Discovery services are not without issues that you need to know about. While the content of most databases subscribed to at your local library may appear in its discovery service search results, the content of some databases will not. Determining which databases are included in your local discovery service and which are not can be difficult. Another shortcoming of discovery services is the lack of discipline or database-specific search tools. For example, consider the nursing database CINAHL. While articles located in CINAHL may appear in keyword searches in your local discovery service, you will not have access to CINAHL’s special subject heading controlled vocabulary tool unless you conduct your search within the database itself. Or a student researcher interested in finding content on certain kinds of businesses and industries may want to search for information using NAICS (North American Industry Classification System) codes. These six digit codes can be searched in select business databases, but a discovery service is unlikely to provide that same functionality, even if the articles and reports themselves will appear in discovery service search results.
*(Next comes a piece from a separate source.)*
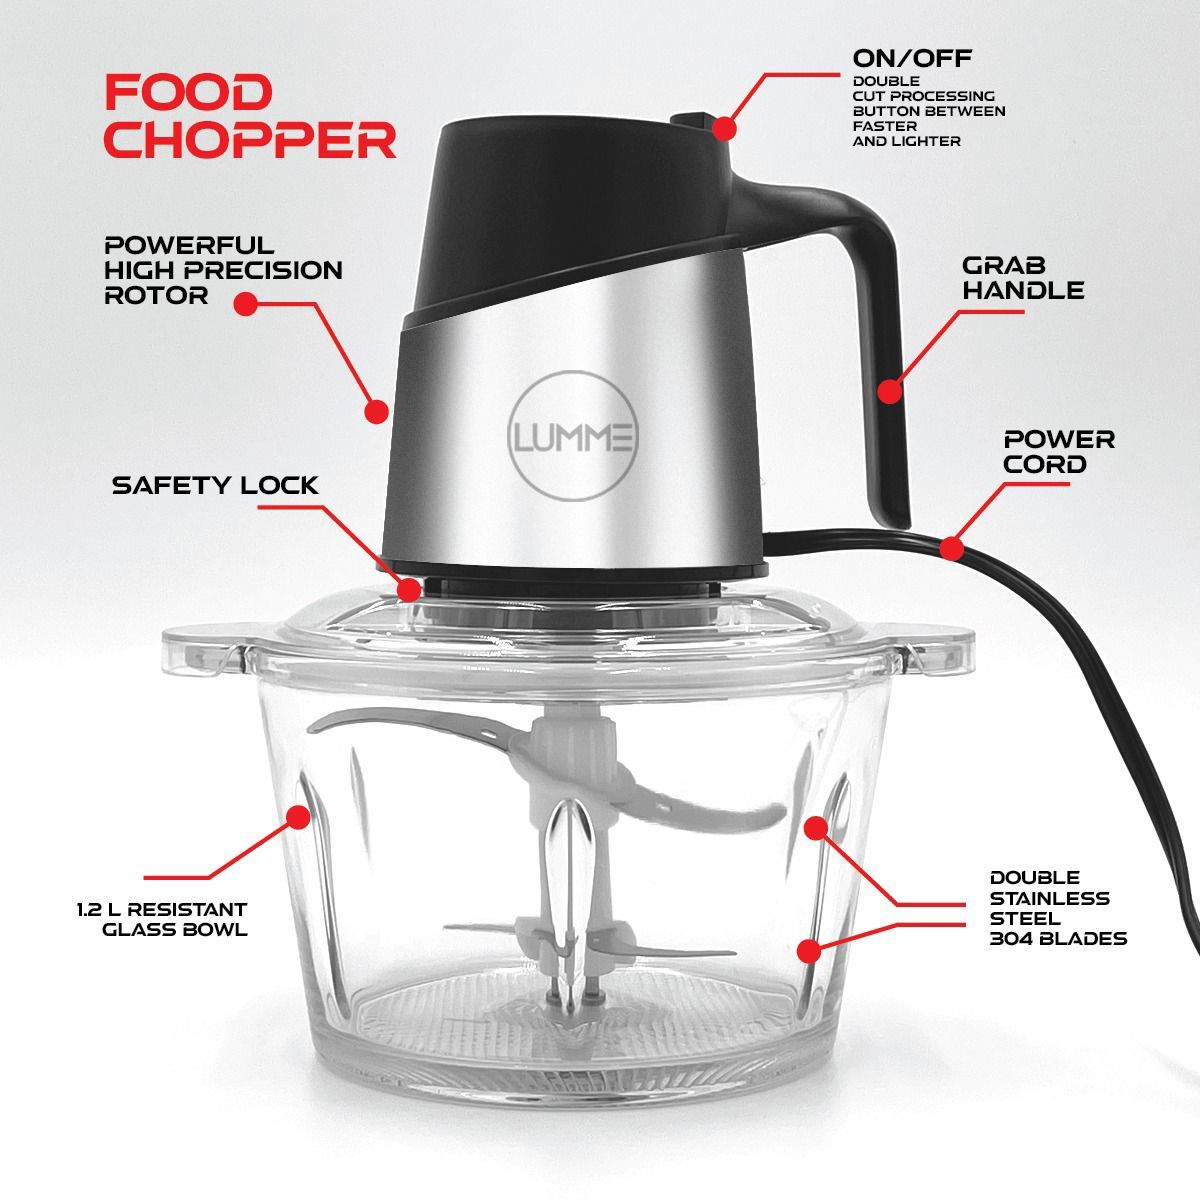 Lumme 5 Cups 400-Watt Stainless Steel Mini Food Chopper in the

Tip: For research projects where you are asked to have a mix of books and articles as references, discovery services can be ideal places to begin your research. Discovery services can also be helpful when your research topic is multidisciplinary in nature (i.e., it touches on the literature from several fields of study,) as it draws in search results from databases in a number of different fields in a single search.

Google

Google is a terrific tool for locating information across the more than 30 Trillion web pages it indexes.

What can you expect to find with a Google search, and what is likely to be excluded? While Google indexes and connects you to a massive amount of information, it does not necessarily own the content it indexes. Books and scholarly journals are typically not free, and so Google is a poor way to find these types of sources. More exactly, Google may lead to you useful book and article citations, but is unlikely to give you full access to those books or articles. Still, Google can be useful for gaining a global understanding of an unfamiliar topic, and can connect you to useful sources such as professional organizations and federal documents.

TIP: Vanilla Google searches can be made more powerful by taking advantage of a few useful tricks. For example, you may want to only search a particular domain or website. Do so by adding “site:” before or after your search terms.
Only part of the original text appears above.